Harris Neck is located along the coast in the northeast corner of McIntosh County, Georgia. It was once home to a prosperous and self-reliant community of 75 African American families. It has been described as a stunningly beautiful 2,687 acres of meadows, freshwater ponds and marsh. From the end of the Civil War until 1942, the community lived harmoniously with each other and their natural environment.
According to an article written by Scott Reid in Change.org, “The people lived off the land, creeks, rivers and ocean, and they took their crops, wild game and seafood to market in Savannah and Darien in small sailboats. They lived with nature, not apart from it, in a manner that would decades later come to be known as environmentally friendly and sustainable. They relied on the outside world for very little and preserved much of their African ways – a culture that came to be known as Gullah or Gullah-Geechie. A hard working and resourceful people, they had their own seafood processing plants, schoolhouse, general store and firehouse.”

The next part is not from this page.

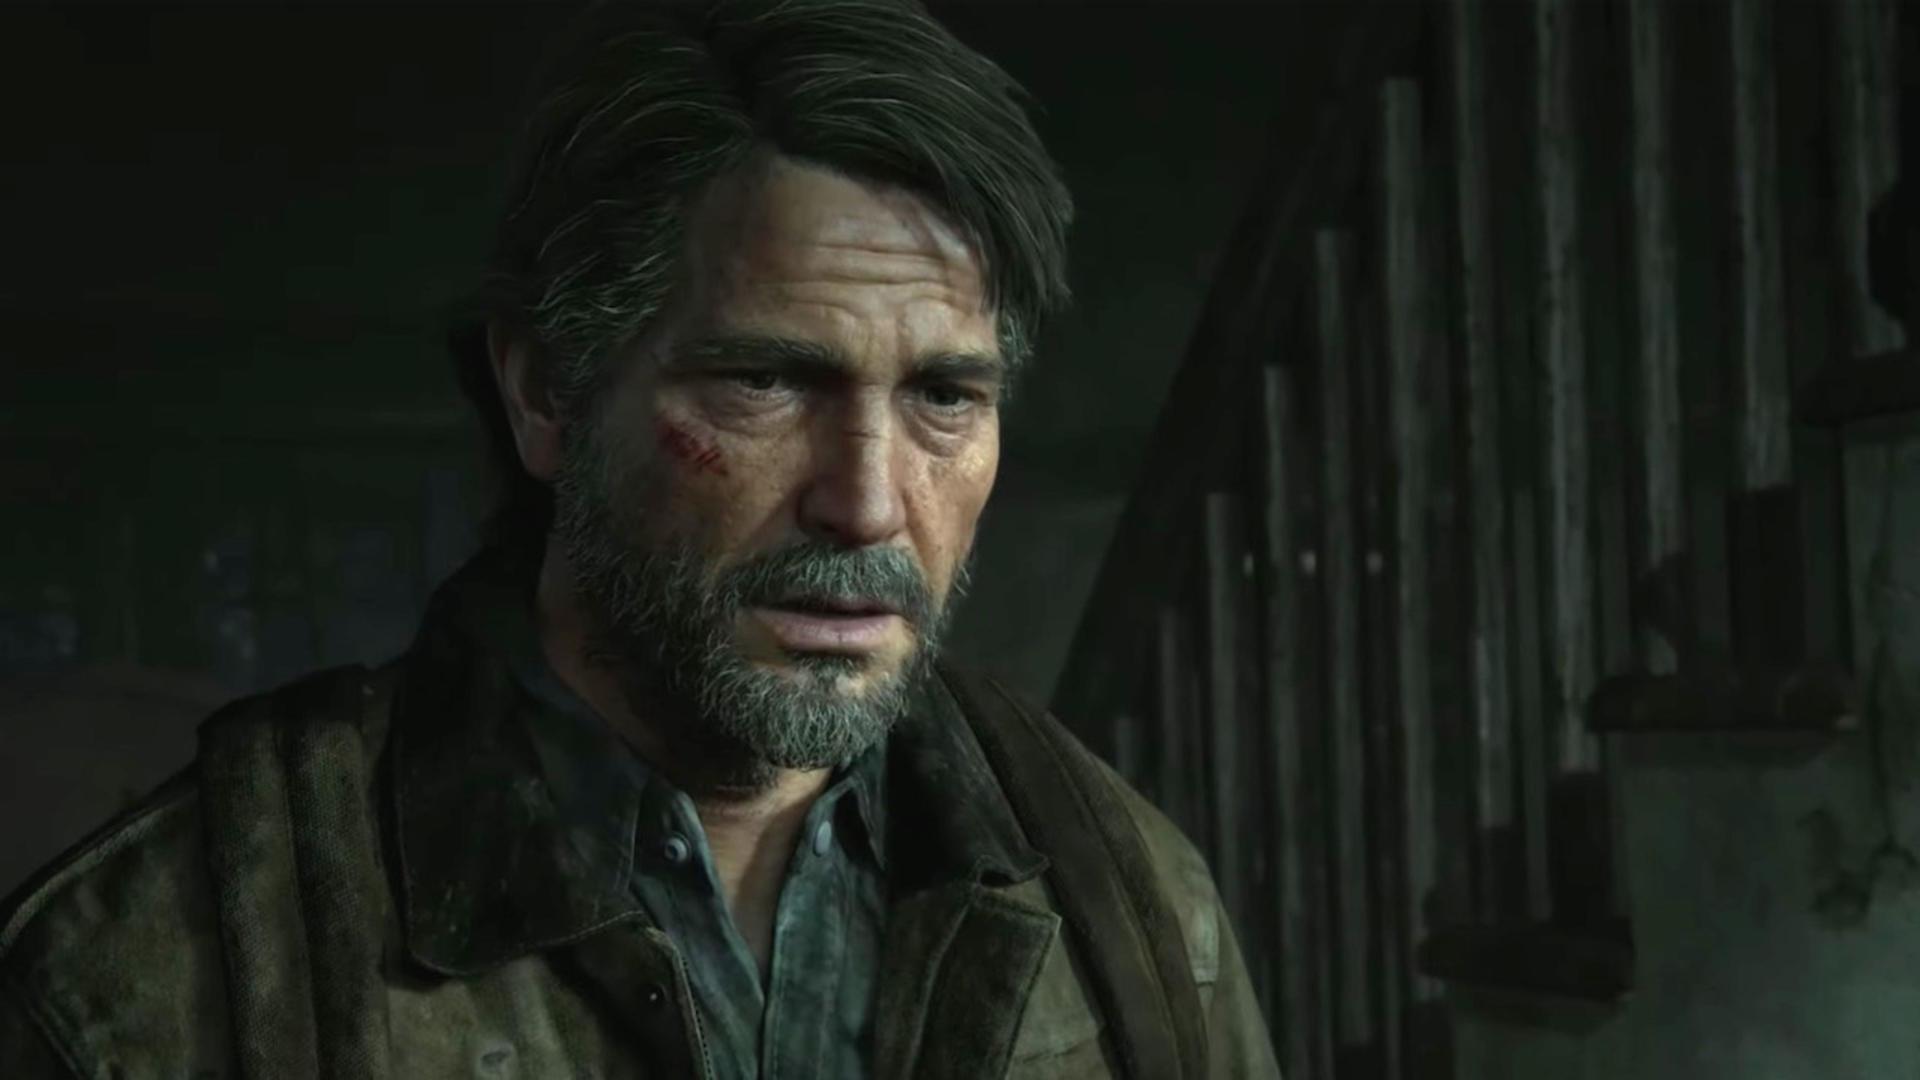 احتمال پایین عرضه بازی The Last of Us 2 برای کامپیوتر

In July 1942, the federal government condemned the 2,687 acres for the stated purpose of building an Army airfield. The people were given three weeks to vacate.
In 1961, the federal government reclaimed all 2,687 acres and conveyed title to the Department of Interior which created a National Wildlife Refuge, operated by US Fish & Wildlife.
In 1979, former members of the Harris Neck community and their descendants converge on Harris Neck in an attempt to reclaim their land. While legislation has been introduced in Congress to return Harris Neck, nothing yet has happened.
In an editorial written by Tom Barton in the Savannah Morning News on April 18, 2009 it was said, “Uncle Sam, using his power of eminent domain, acquired the 2,824 acres of lush woodlands and farmland at Harris Neck to build an airstrip for the U.S. Army. It gave the people who lived there only weeks to get out. Homes burned.”
The military said it needed this facility to train pilots and to improve surveillance along the Georgia coast, where German U-boats were taking their toll on American shipping in the early years of World War II. But a combination of homegrown corruption and Washington ineptitude conspired to cheat hard-working families out of land and money. Here’s what new research has found: Instead of getting a fair price for their land, black families got 40 percent less than white families who sold similar properties.
Certainly, it is time to correct this injustice.